Exhibition Essays

Tangential Structures

May 2013

Steel-Life

Claudia Arozqueta

Upon entering Yona Lee's exhibition, the visitor's eye is caught by a toilet paper strip that softly travels from the floor to the entrance beams of the gallery, to encounter an orchestra of zigzagging, looping and wavy steel rods that occupy the gallery space. Within these shiny structures, regularly used for commercial display, Lee has incorporated a series of mundane objects, such as sunglasses, forks, cups, newspapers, clothes, canned food, mirrors, compact discs, soaps and pricing tags.

Inspired by retail design but going against the logic of visual merchandising, the items installed in the steel displayers are not in any logical order and are difficult to find. While marketing strategies suggest creating a reachable and efficient accommodation of equipment, product and people to incentivize focus and arouse interest, Lee’s installation materializes as neurotic organized chaos that, while seductive, hinders free circulation and overwhelms sight. Some objects appear to float in the space in a simple and fluid way, yet are not very accessible to the public, challenging notions of gravity and logic. Such is the case of a table salt drum that appears unreachable five meters above the floor very close to the ceiling. In quite the opposite manner, the closeness to the floor of a tissue box will make you think twice if you want to grab one.

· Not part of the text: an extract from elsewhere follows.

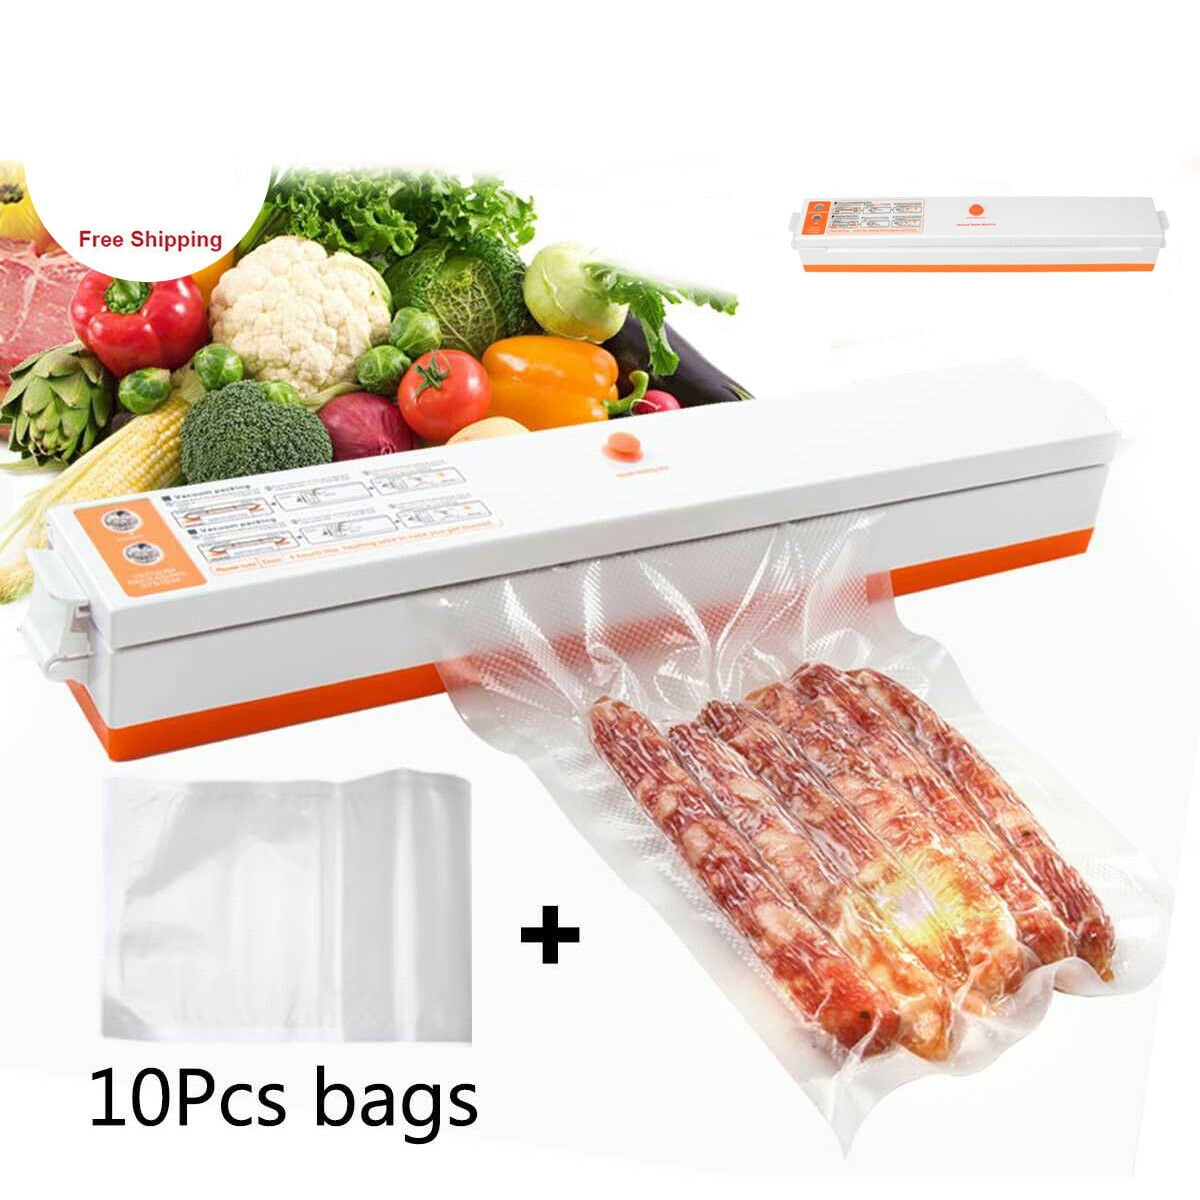 Commercial Food Saver Vacuum Sealer Seal A Meal Machine Foodsaver with FREE Bags

Absurdly, a glass of water lies on a high beam close to the wall, which appears as invisible as a package of Tic Tac mints, which from certain perspectives, are hidden behind a tuna can. Other things on the floor are shown to magnify and disrupt the sense of order, such as some scarves, jeans and musical scores that are displayed as if they were randomly thrown on the floor, a white plate that apparently fell from an upper structure, as well as the remains of coffee, bread and other detritus. All are paradoxically surrounded by small pieces of steel carefully installed by the artist. 

If the past site-responsive interventions of Yona Lee were characterized by their minimalism, cleanness and clarity of space, the immersive installation at Enjoy Gallery could appear as antithetical. The limpidity of Lee’s previous installations has been substituted by a physically and psychologically crowded space, that pulls you in and out so dramatically that it could even intimidate some visitors from wandering through it, perhaps conscious of the fragility of the piece. Regardless of this striking visual difference, the work still holds strong links with her past body of work through the utilization of a neutral, resistant, hard but malleable material like steel that—in communication with dozens of objects in this particular case—becomes part of an overall composition that playfully interacts with the architecture of the space, including floor, ceiling, beams and walls via the play of its own shadows.

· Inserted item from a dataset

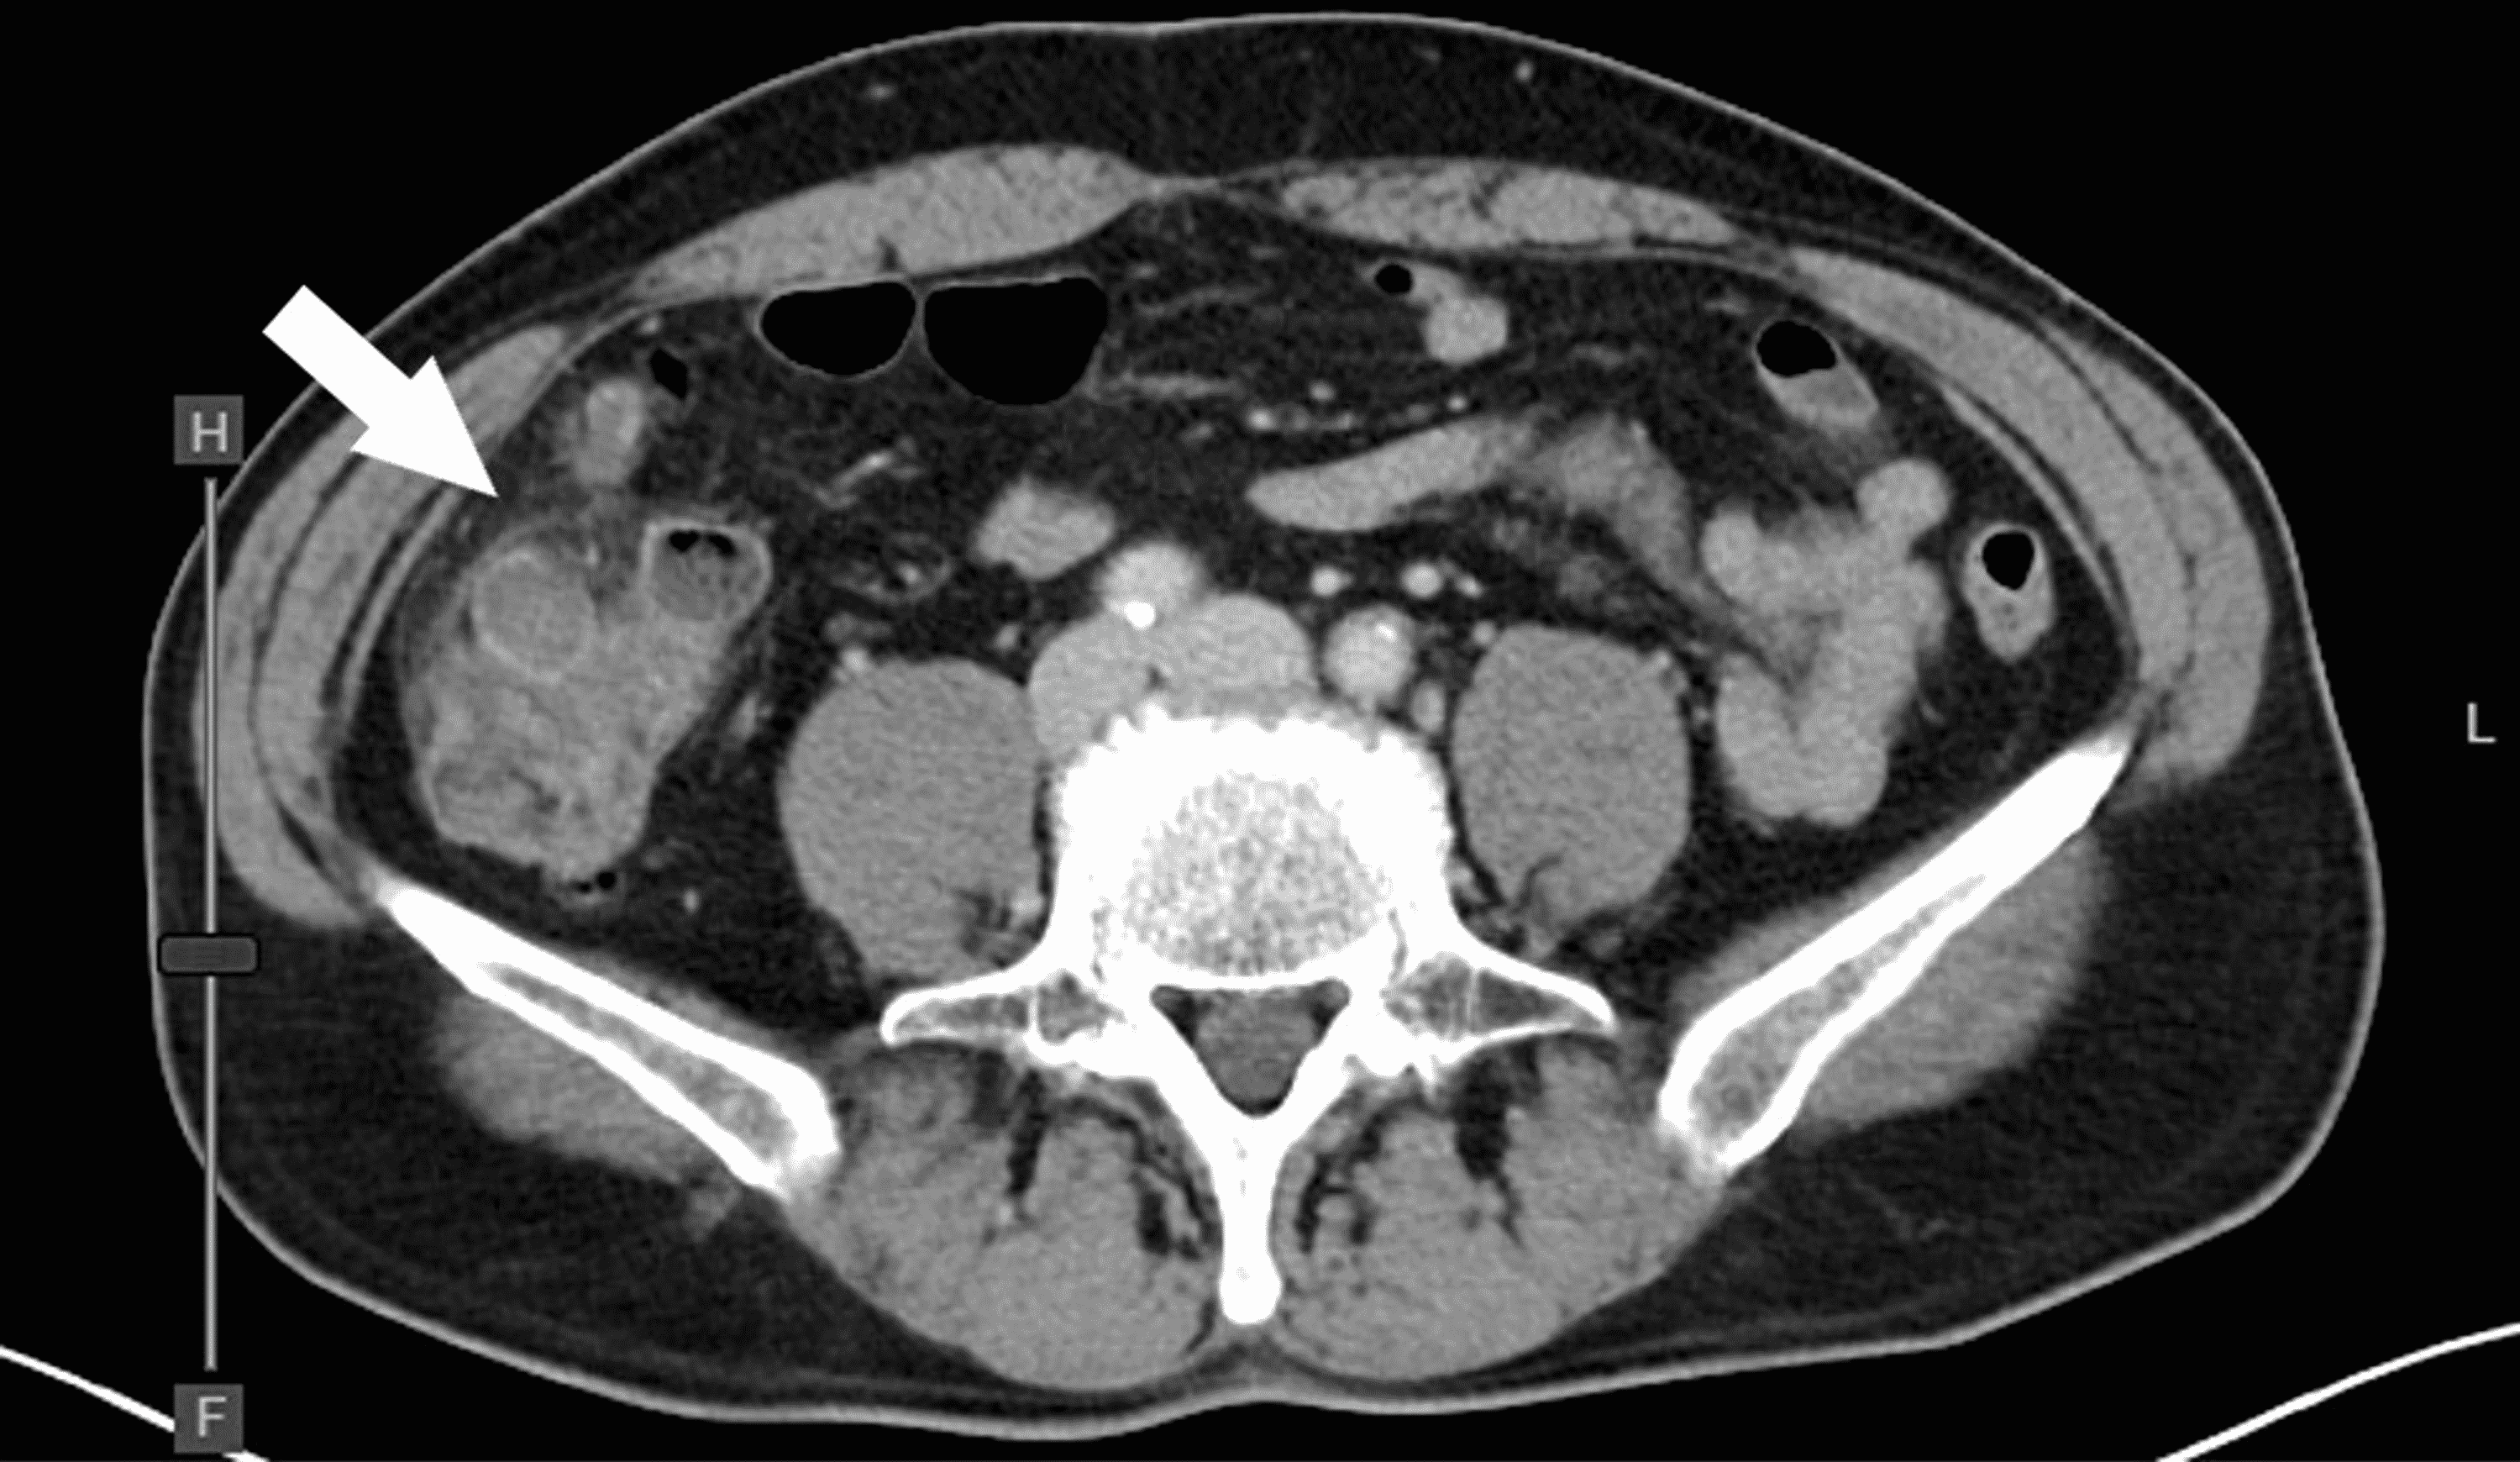 Cureus A Case Of Cecal Diverticulitis Complicated By Pseudoaneurysm In The Ileocolic Artery 0209

Furthermore, the relations created by this bricolage expand from the merely visual and structural to a whole sensory stimulating experience that engages all five senses. The installation activates participant’s olfactory receptors through the sweet fragrance of a perfume, the fruity aroma of a red wine, and the strong scent that emerges from some cigarette butts set on an ashtray. While activating both gustation and tactility by grabbing and tasting sweets from bags displayed from a hook, visitors also can become active participants in the consumption of the work. As if that was not enough, the sensory experience expands to hearing the tick-tocking of a clock that rhythmically communicates with the droplet of a sodden towel, exalting the temporal and every day character of the installation. All this is enhanced by a series of instructions left by the artists to be executed by staff, which reveals the individualized and ephemeral nature of some objects: Please water the pot plant, replace the flowers that died, steep the hand towel every morning…

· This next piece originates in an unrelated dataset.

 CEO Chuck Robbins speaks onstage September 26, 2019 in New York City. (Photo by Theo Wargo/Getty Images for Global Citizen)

At the core of this plethora of intertwined instructions, materials, and persuasive sensations, is a poignant revelation about the possibility of transforming consumption tactics. The gesture of deconstructing and transferring retail design out of its natural environment to a different space of consumption, such as to an art gallery, de-programs assumed ideologies, everyday experiences and reflex behaviors. The material interventions that change the shape of ordinary custom built display units and the individual display of items, as opposed to commercial agglomeration, verifies that a well-placed action or detail can reverse situations and meanings.

Tangential Structures, besides being a reflection about the aesthetics of commercial spaces, is an exploration about the nature of objects as produced, consumed, possessed and personalized items. It depicts the processes of consumption by which a mass-produced product only transforms into an object through its inclusion in the domestic space. But it also draws attention to how a different aura can be artistically imbued into it, creating unconventional ways of reading that incite objects to speak about their silent and hidden, but ever-so-present, user purposes and stories.